Open RozenAstrayChen opened 5 years ago
How long did you take to train the model? Did you trace the result on Tensorboard? May you should train more episodes.
As for the dead_corridor environment, you should do more reward engineering to train a good agent.
I probably spent a day training health_gather_superme but I switched to training Battle.
I change your code which action combine is complex, I simple this to 8 actions and here is result after training 5000 episodes( 1 days using 1080 )
After 5000 episodes I thinks is great but the Agent hasn't accurate shot enemy, I still try improve
Good, the agent can learn to explore the env. Did you change the scenario because the health packs shown in the video are different from in my code?
If there are health packs, ammo and enemies shown in the picture, I think the agent is quite confused on what to, shooting an enemy or picking health packs or ammo.
Yes I remove speed button and the scenario
game = DoomGame()
game.load_config(cfg.SCENARIO_PATH)
game.set_doom_map("map01")
game.set_screen_resolution(ScreenResolution.RES_640X480)
game.set_screen_format(ScreenFormat.RGB24)
game.set_render_hud(False)
game.set_render_crosshair(False)
game.set_render_weapon(True)
game.set_render_decals(False)
game.set_render_particles(True)
# Enables labeling of the in game objects.
game.set_labels_buffer_enabled(True)
game.add_available_button(Button.MOVE_FORWARD)
game.add_available_button(Button.MOVE_RIGHT)
game.add_available_button(Button.MOVE_LEFT)
game.add_available_button(Button.TURN_LEFT)
game.add_available_button(Button.TURN_RIGHT)
game.add_available_button(Button.ATTACK)
#game.add_available_button(Button.SPEED)
game.add_available_game_variable(GameVariable.AMMO2)
game.add_available_game_variable(GameVariable.HEALTH)
game.add_available_game_variable(GameVariable.USER2)
game.set_episode_timeout(2100)
game.set_episode_start_time(5)
game.set_window_visible(self.play)
game.set_sound_enabled(False)
game.set_living_reward(0)
game.set_mode(Mode.PLAYER)
if self.play:
game.add_game_args("+viz_render_all 1")
game.set_render_hud(False)
game.set_ticrate(35)
game.init()
self.env = game
self.actions = cfg.button_combinations()
I think health packs, ammo and enemies choice is confirm choose shot enemy, because in reward shaping:
def reward_function(self):
kills_delta = self.env.get_game_variable(GameVariable.USER2) - self.last_total_kills
self.last_total_kills = self.env.get_game_variable(GameVariable.USER2)
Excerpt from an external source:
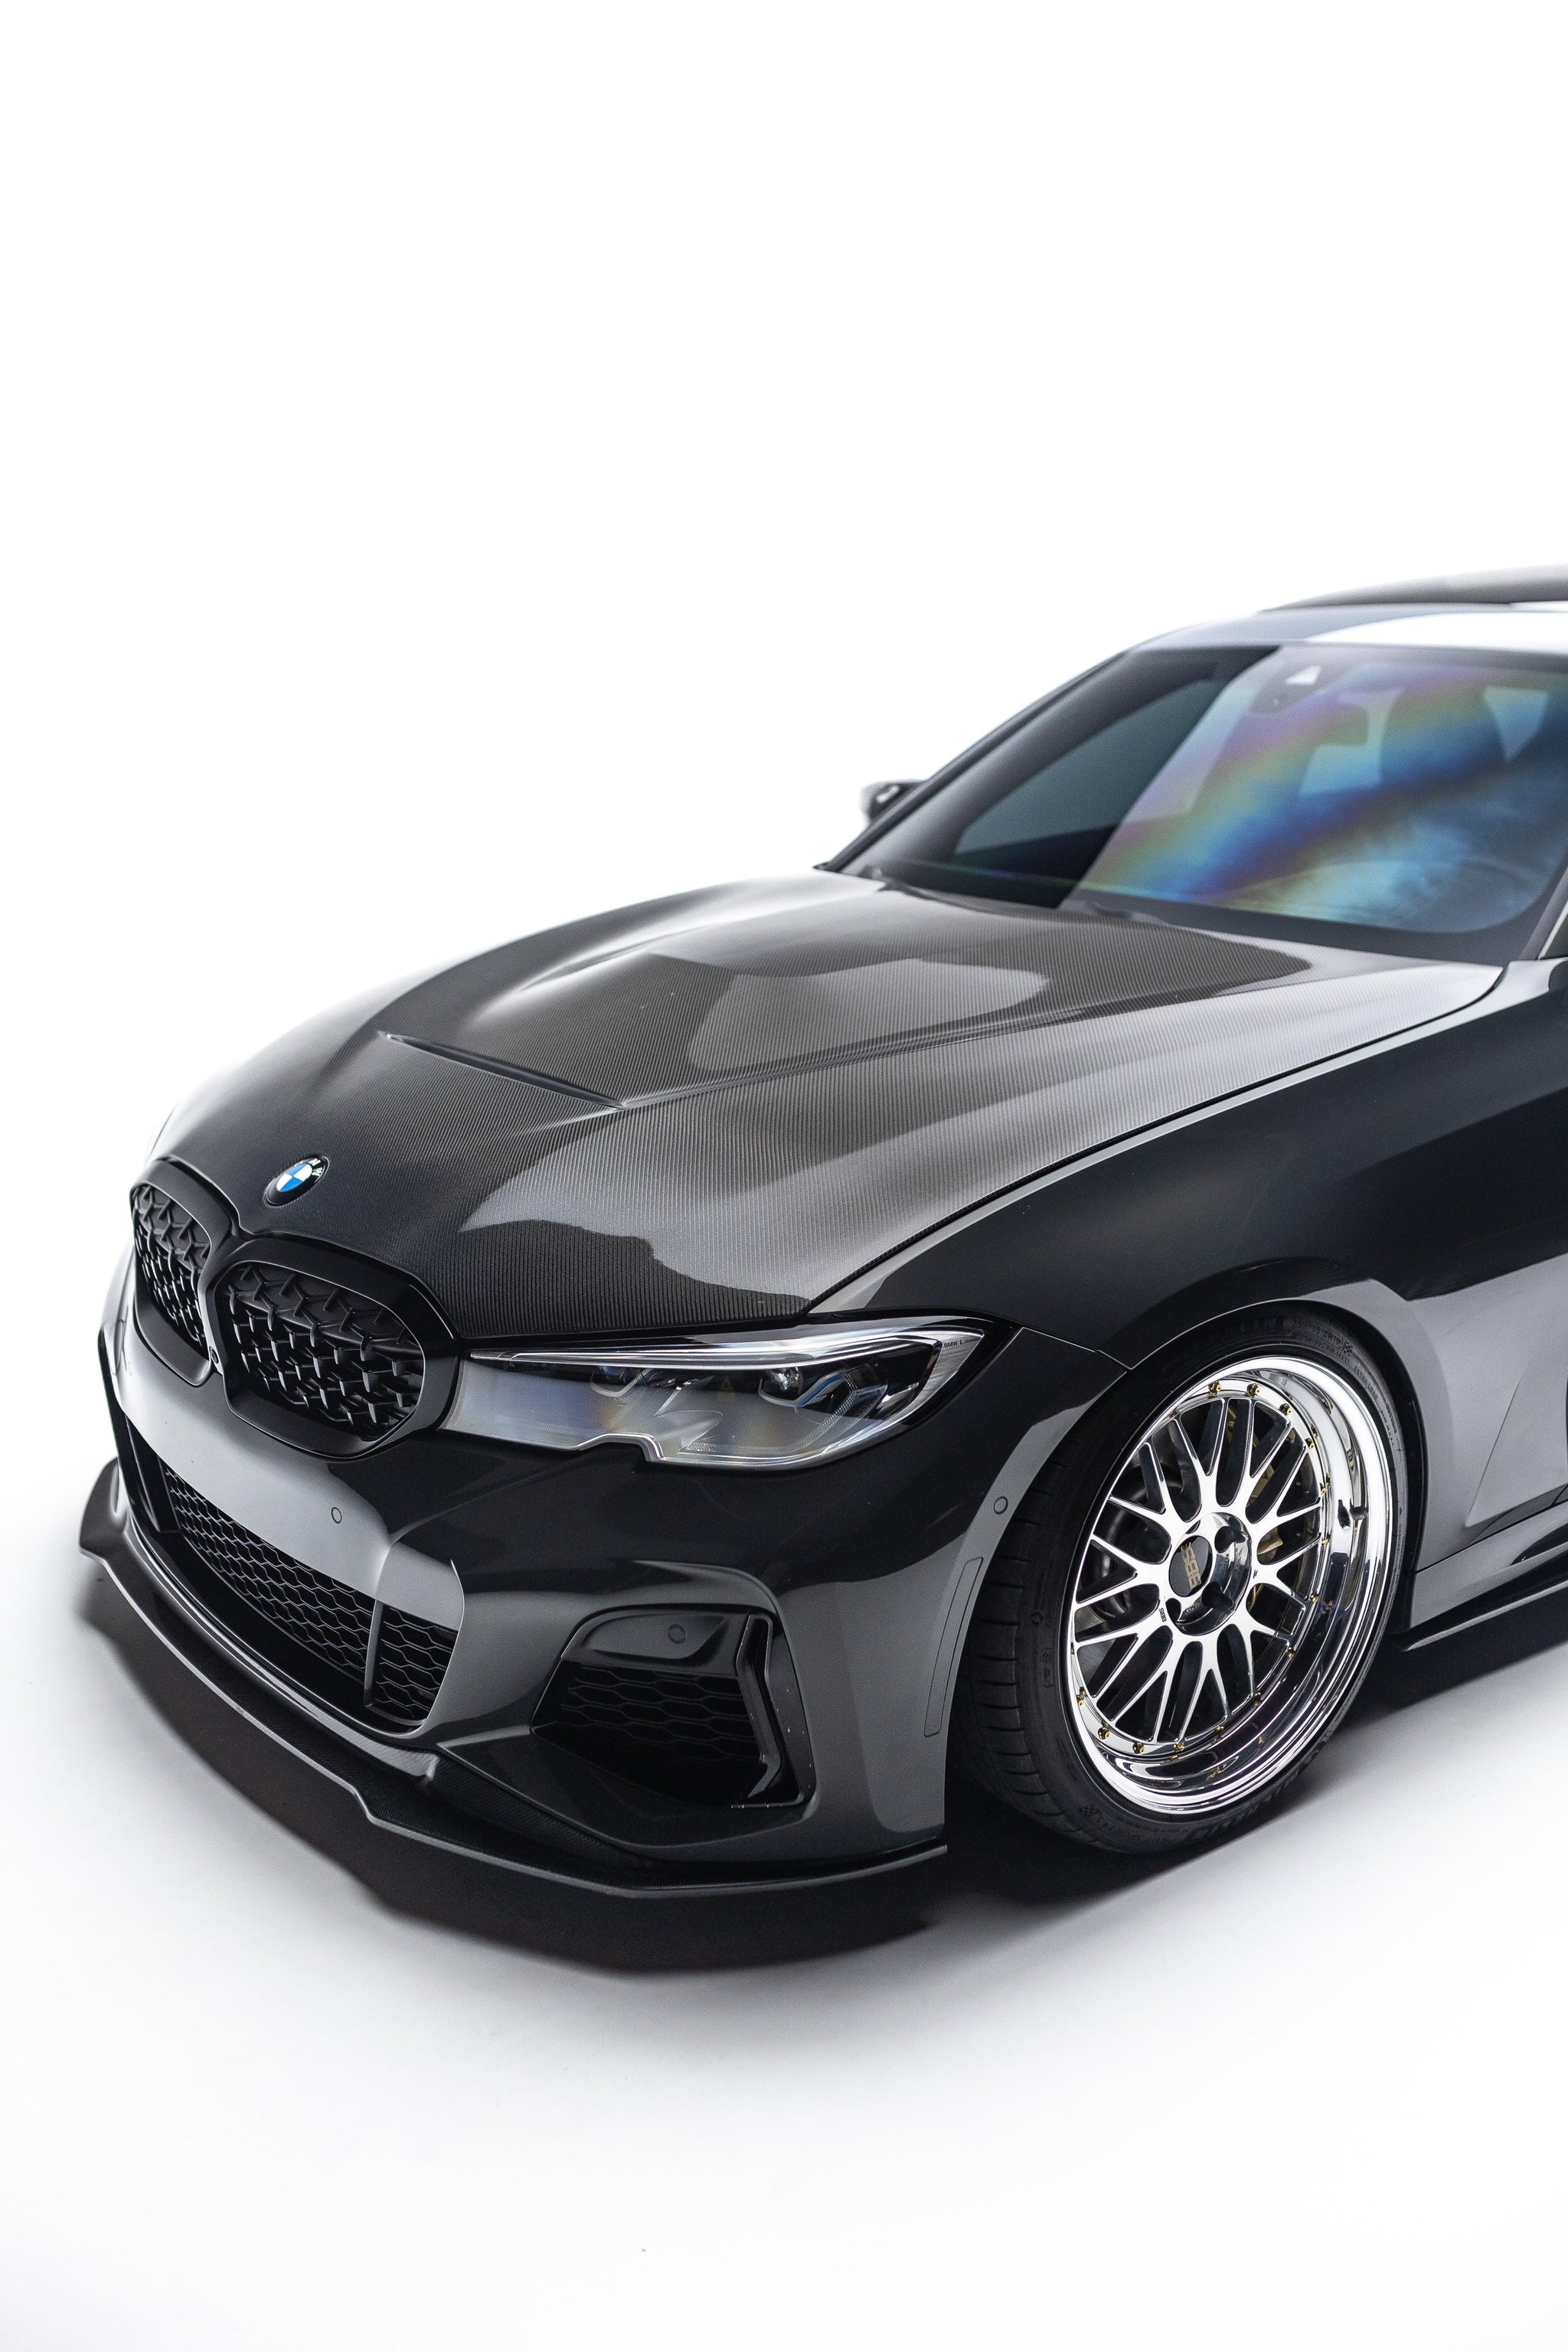 AERO DESIGN - BMW 3 SERIES G20 CARBON FIBRE BONNET – Aero Carbon UK

ammo_delta = self.env.get_game_variable(GameVariable.AMMO2) - self.last_total_ammos
self.last_total_ammos = self.env.get_game_variable(GameVariable.AMMO2)
health_delta = self.env.get_game_variable(GameVariable.HEALTH) - self.last_total_health
self.last_total_health = self.env.get_game_variable(GameVariable.HEALTH)
reward = 0
reward += kills_delta * 20.
if ammo_delta >= 0:
reward += ammo_delta * 0.5
# else:
# reward += ammo_delta * 0.1
if health_delta >= 0:
reward += health_delta * 0.5
else:
reward += health_delta * 0.1
if self.env.get_game_variable(GameVariable.HEALTH) <= 30:
reward += -1
if self.env.get_game_variable(GameVariable.AMMO2) <= 5:
reward += -1
return reward
look like kill is the best choice, kill one enemy has 20 scores ,second is health the last is armmo .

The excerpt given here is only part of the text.